In the laboratory, however, it is not possible to determine how much "active" sulfur, i.e. sulfur added by additives and thus having a positive effect, is present in an oil sample or how much "bound" sulfur originates from the base oil. Even oils with the same viscosity cannot be inferred to have the same initial sulfur value. The amount of EP/AW additive needed for a functioning oil, and therefore the total sulfur content in the oil, depends on the oil type and application requirements. In the case of oils for hypoid gears, wear protection on the tooth flanks under difficult mixed friction conditions is essential..

The sulfur content can be correspondingly high (up to 3% or 30,000 mg/kg). The values in the table below are for guidance only. Depending on the additive philosophy of the oil manufacturer and the desulfurization of the base oil, considerable deviations may occur. Since synthetic base oils are produced from technical gases without sulfur content, the sulfur content in bio-oils or other synthetic lubricants is usually only due to additives and is therefore significantly lower than in mineral oils.

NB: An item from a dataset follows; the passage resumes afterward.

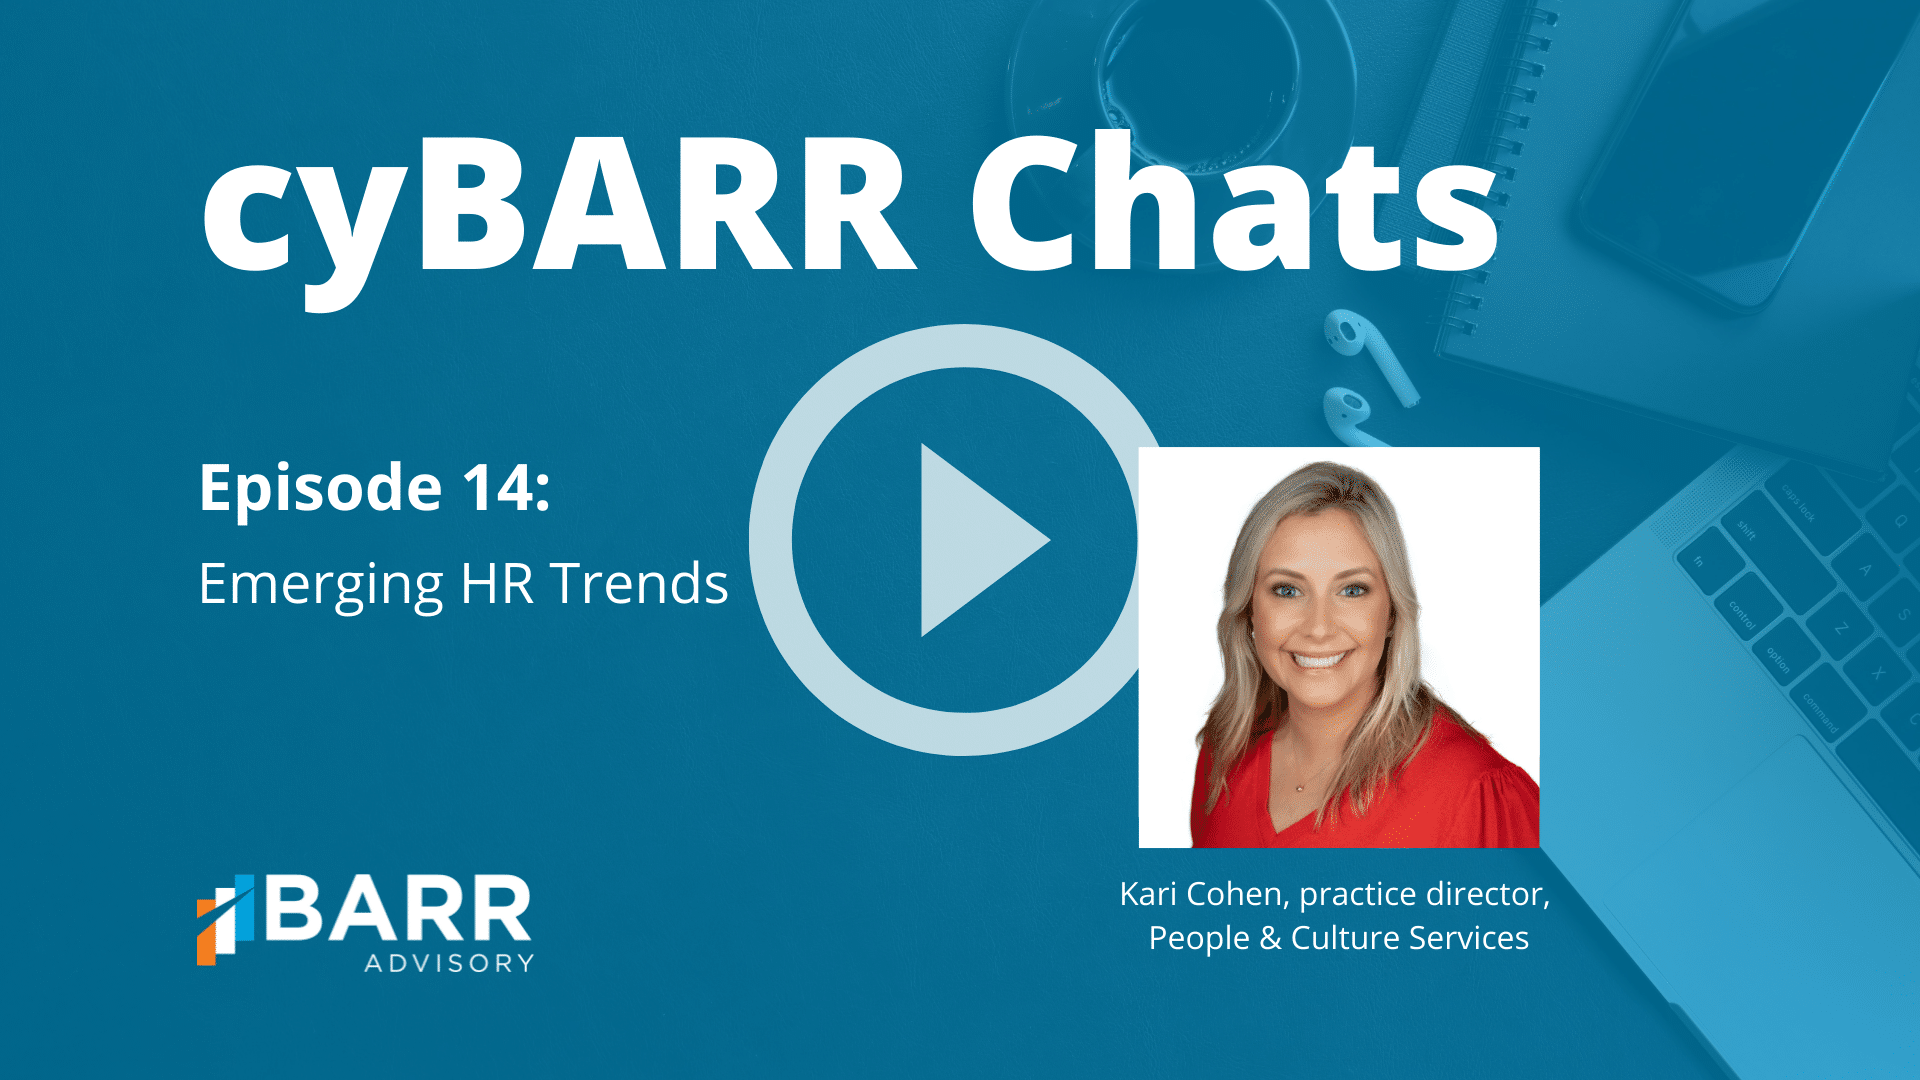 cyBARR Chats Episode 14: Emerging HR Trends

In most applications, the sulfur content will change little during the service life of the oil. The amount depends essentially on the initial value for the fresh oil. Since fuels today are only allowed to contain a small amount of sulfur, hardly any fuel-related changes in sulfur can be detected, even in used engine oils with a high fuel input.

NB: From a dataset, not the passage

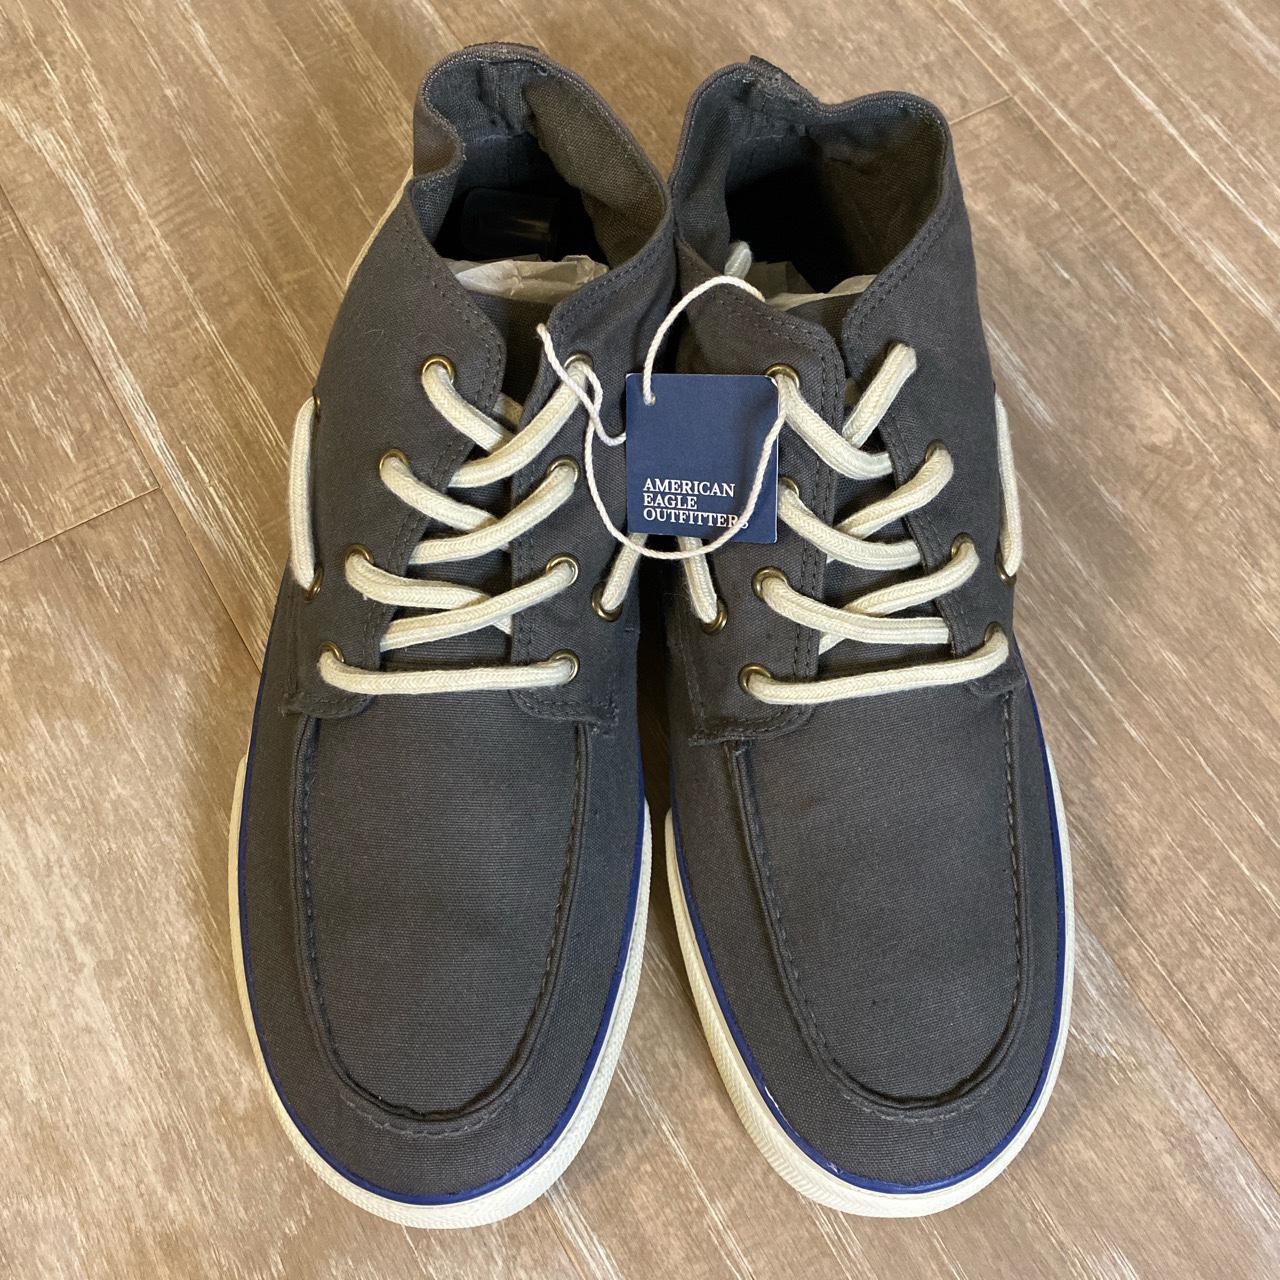 American Eagle Outfitters Men's Boat-shoes | Depop

Gas engines are increasingly powered by biogas. Hydrogen sulfide is a gas that is often produced during putrefaction processes due to the decomposition of proteins. When gas engines are operated with biogas or sewage gas, the sulfur originating from the gas can also enter the gas engine oil in the form of sulfurous acids and accumulate here in a harmful manner. In these cases, trend monitoring of the sulfur content can provide indications of necessary oil changes due to fluctuating gas qualities, for example.

Conclusion
The level of sulfur content in an oil depends almost exclusively on the base oil and additives. As with all other additive elements, however, it is very difficult to make a qualitative assessment of an oil on the basis of the sulfur content. Elemental analysis alone does not give a clear indication of whether the sulfur comes from the base oil or whether it has been added to the oil as an additive component. But if your tank smells like rotten eggs, that's usually an indication that the sulfur was added as an additive. The unpleasant smell does not occur because the oil has gone bad. Rather, the sulfur was so heavily demanded as wear protection that its chemical form changed. A complete oil analysis with the observation of the sulfur content in comparison to the fresh oil shows whether it is still sufficiently effective in this case and whether the oil can still be used.